Brandon appointed him Deputy Justice of North Wales, describing him in the instrument of appointment as his blood relation. He joined the Duke during the Battle of the Spurs, and took part in the Siege of Thérouanne, which involved the Tudors and Habsburgs against the Kingdom of France.

He was made a Knight banneret at the Siege of Tournai in 1513. He kept close relationship with Sir Rhys ap Thomas, of the Welsh Royal House of Dinefwr, who also fought at the Battle of the Spurs with the King.

== Family ==

William Griffith married to Jane Stradling, daughter of Sir Thomas Stradling of St Donat's Castle, and then later to Jane Puleston, daughter of John Puleston. Griffith's mother-in-law remarried to Sir Rhys ap Thomas of Dinefwr, whose son, Griffith ap Rhys, was a companion at court.

By Jane Stradling he had a son, Rees Griffith, who became a High Sheriff, and a daughter, Margaret Griffith, who married Simon Thelwall.

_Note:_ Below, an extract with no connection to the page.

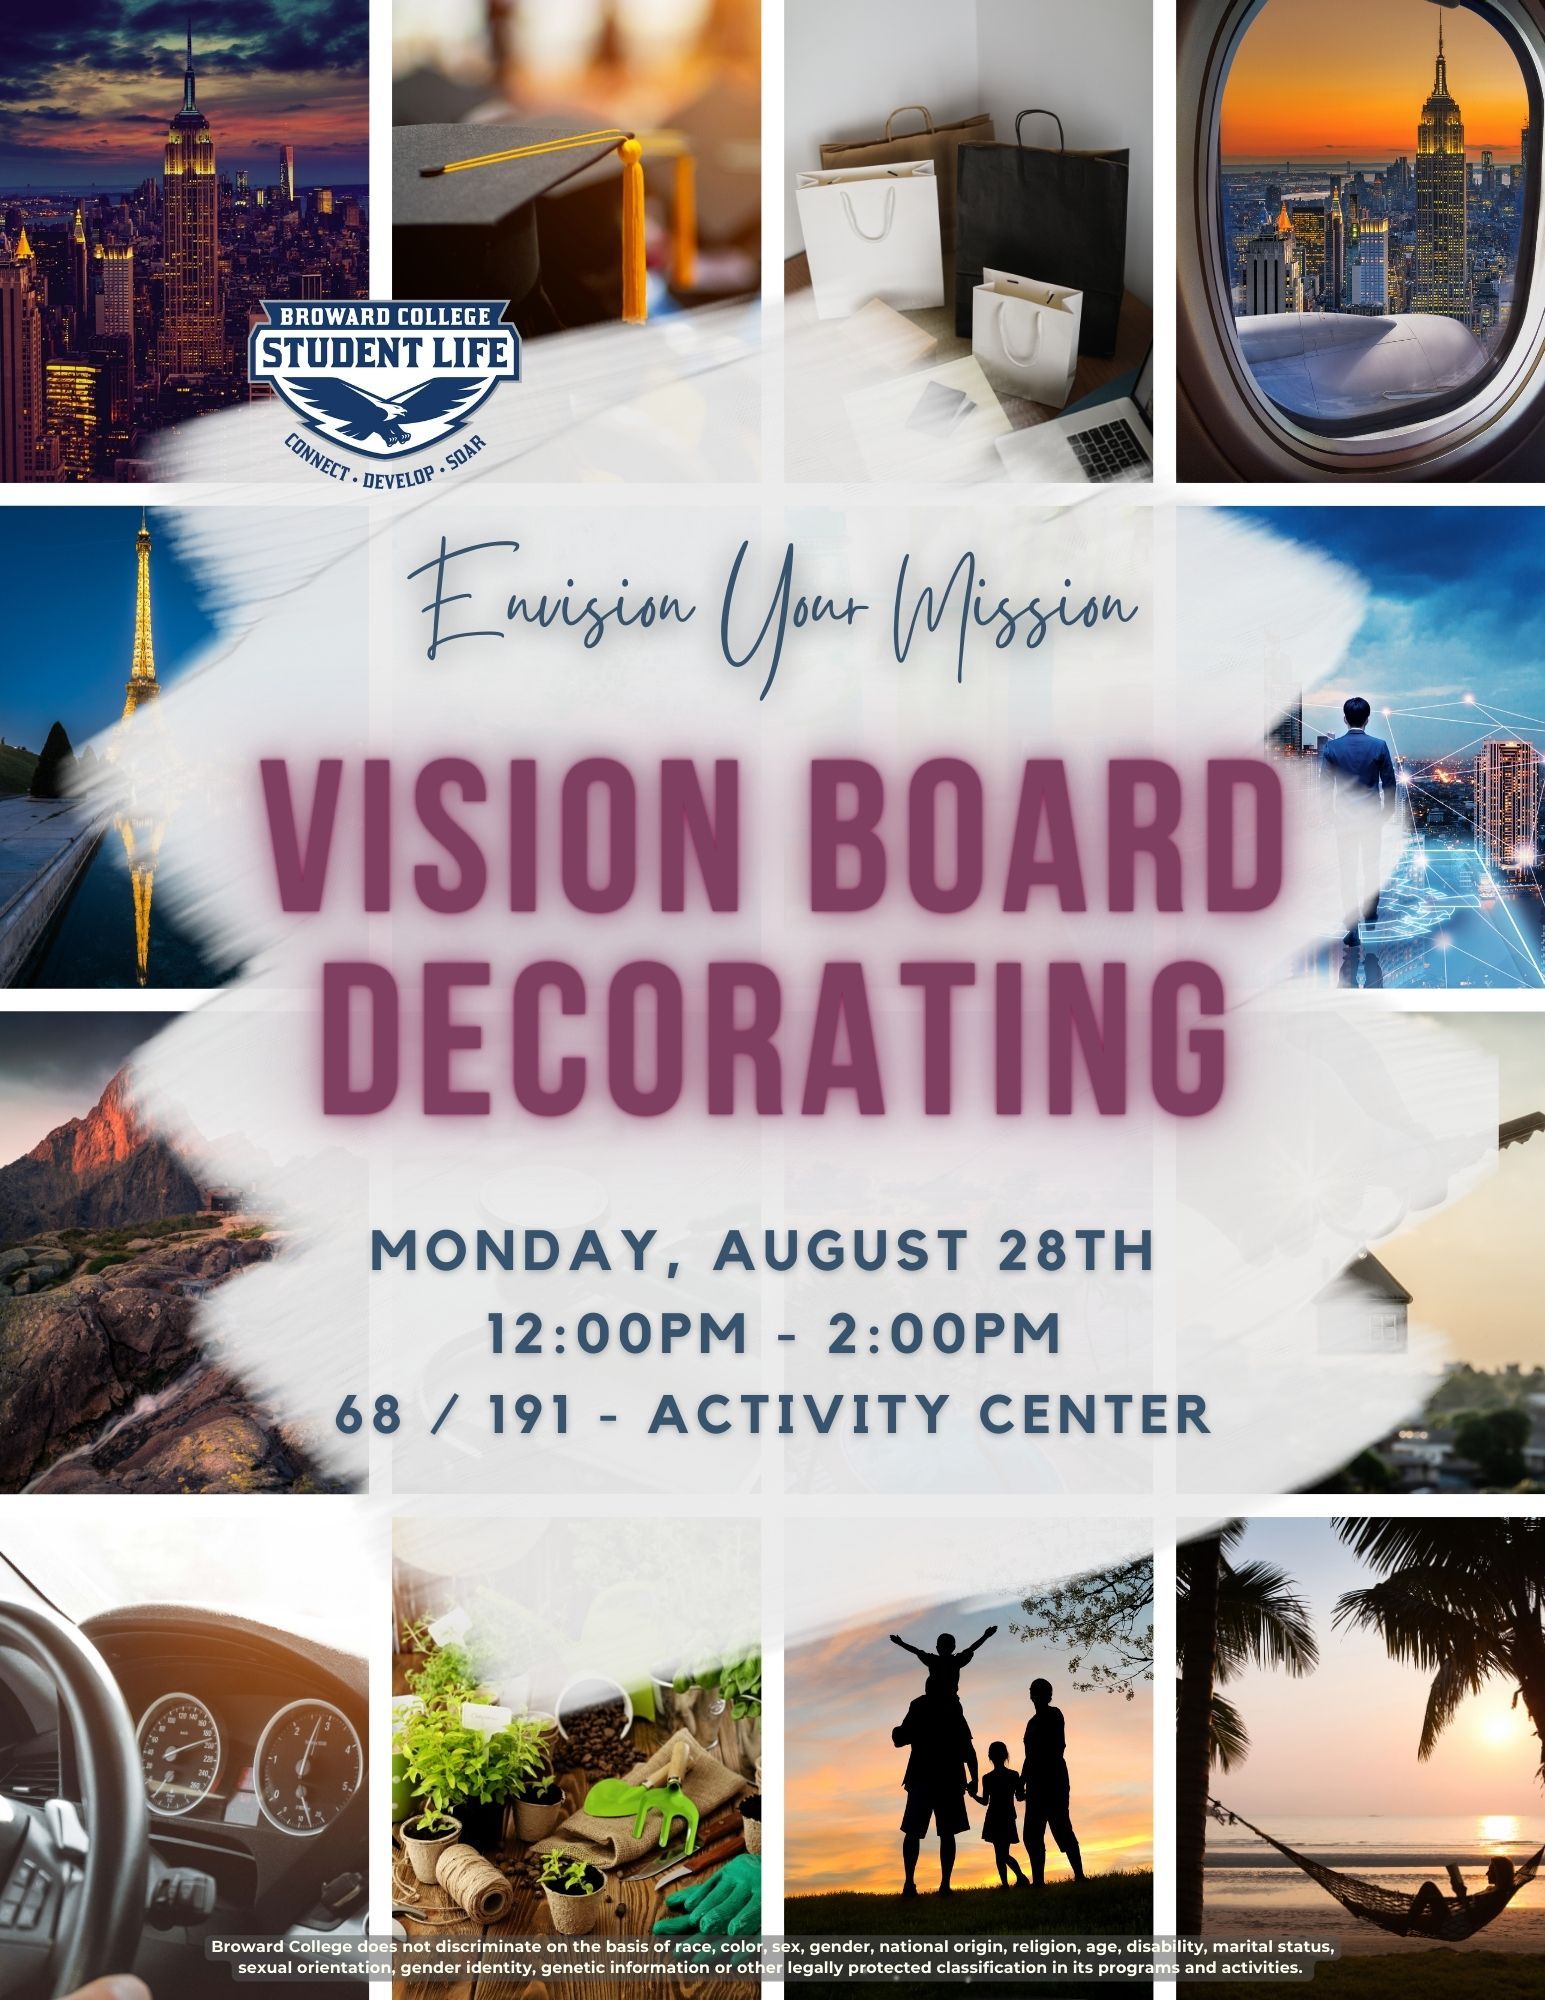 Envision Your Mission: Vision Board Decorating
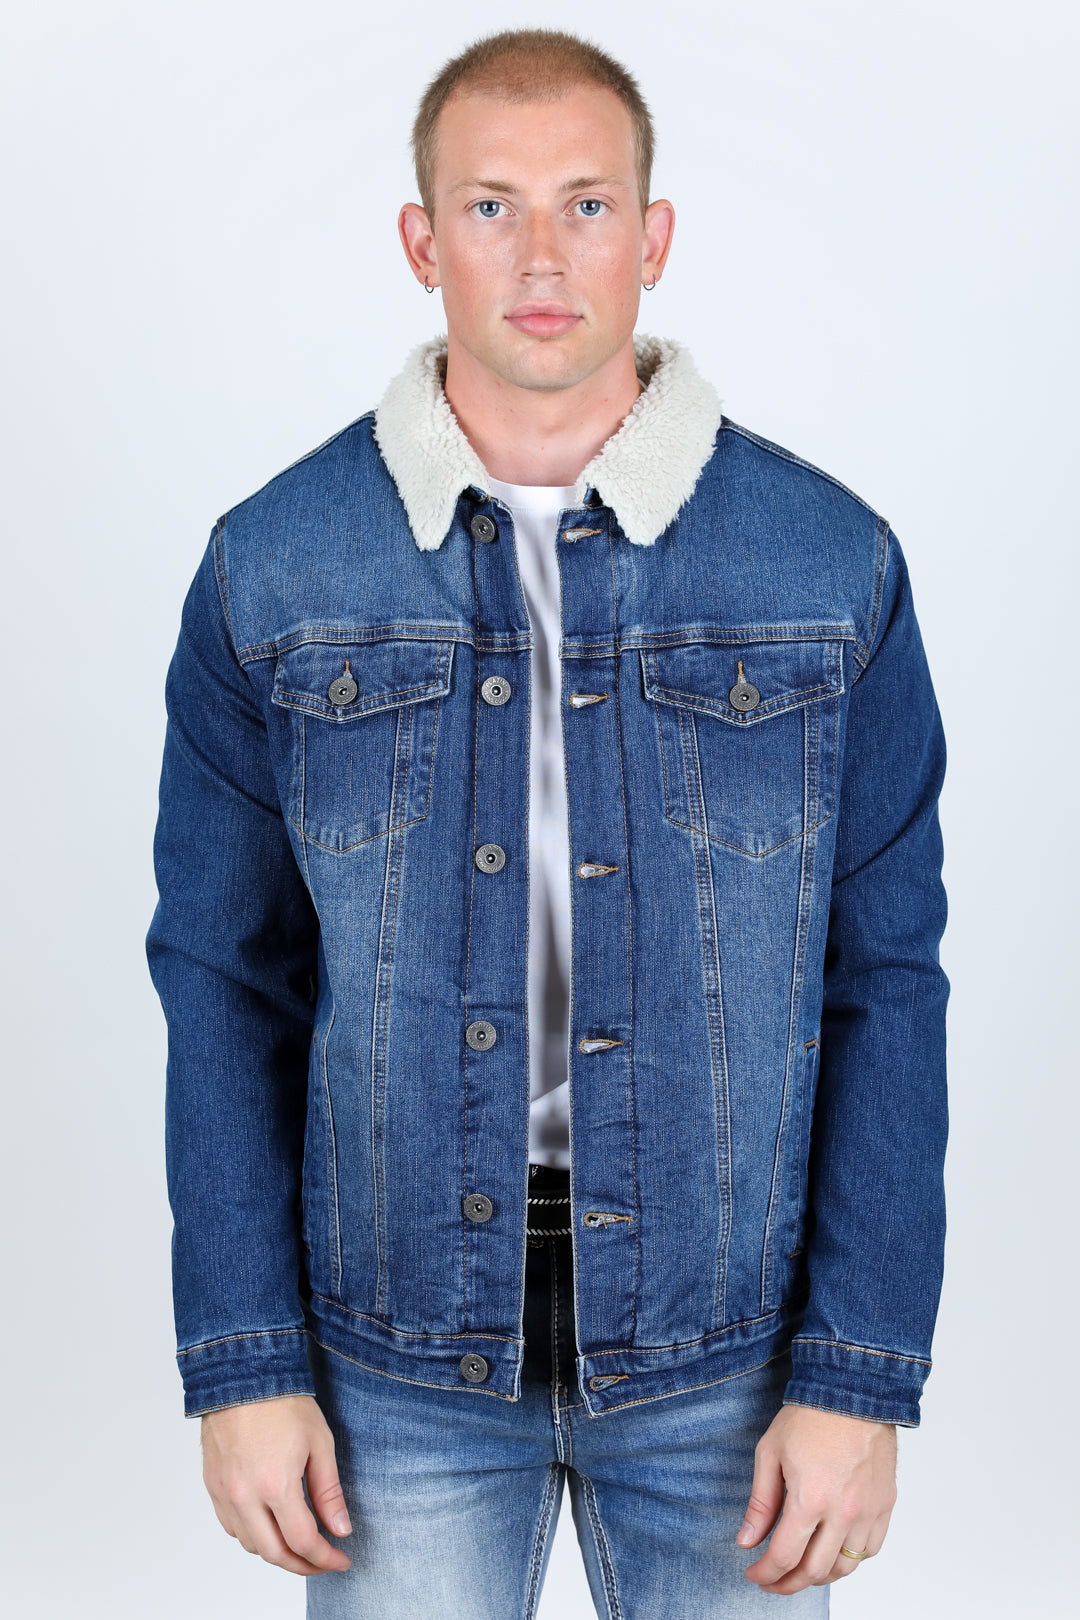 Mens Sherpa Lined Denim Jacket - Stay Warm and Stylish this Winter ...

Another of his daughters by Jane was Elizabeth Griffith, who was married to Sir John Philipps. By Jane Puleston he had a daughter, Sibill Griffith, who married Owen ap Hugh. One of their sons, Edward Griffith, was a correspondent of Thomas Cromwell, and joined Sir William Brereton to Ireland for a military campaign, and was made a member of the Privy Council.

Brereton was later Groom of the Privy Chamber to Henry VIII, and was executed in relation to Queen Anne Boleyn adultery charges. Edward Griffith's daughter Eleanor married to Sir Nicholas Bagenal, Marshal of the royal Irish Army. Another daughter of William Griffith, Jane Griffith, became the mother of Elizabeth, who married John Yale, father of Chancellor David Yale.

William Griffith's great-great-grandmother was Morfydd, granddaughter of Tudur ap Goronwy, member of the Tudors of Penmynydd. Their family were allies and kinsmen of Prince Owain Glyndwr and Lord Tudur ap Gruffudd, of the Royal House of Mathrafal, during the Welsh war of independence.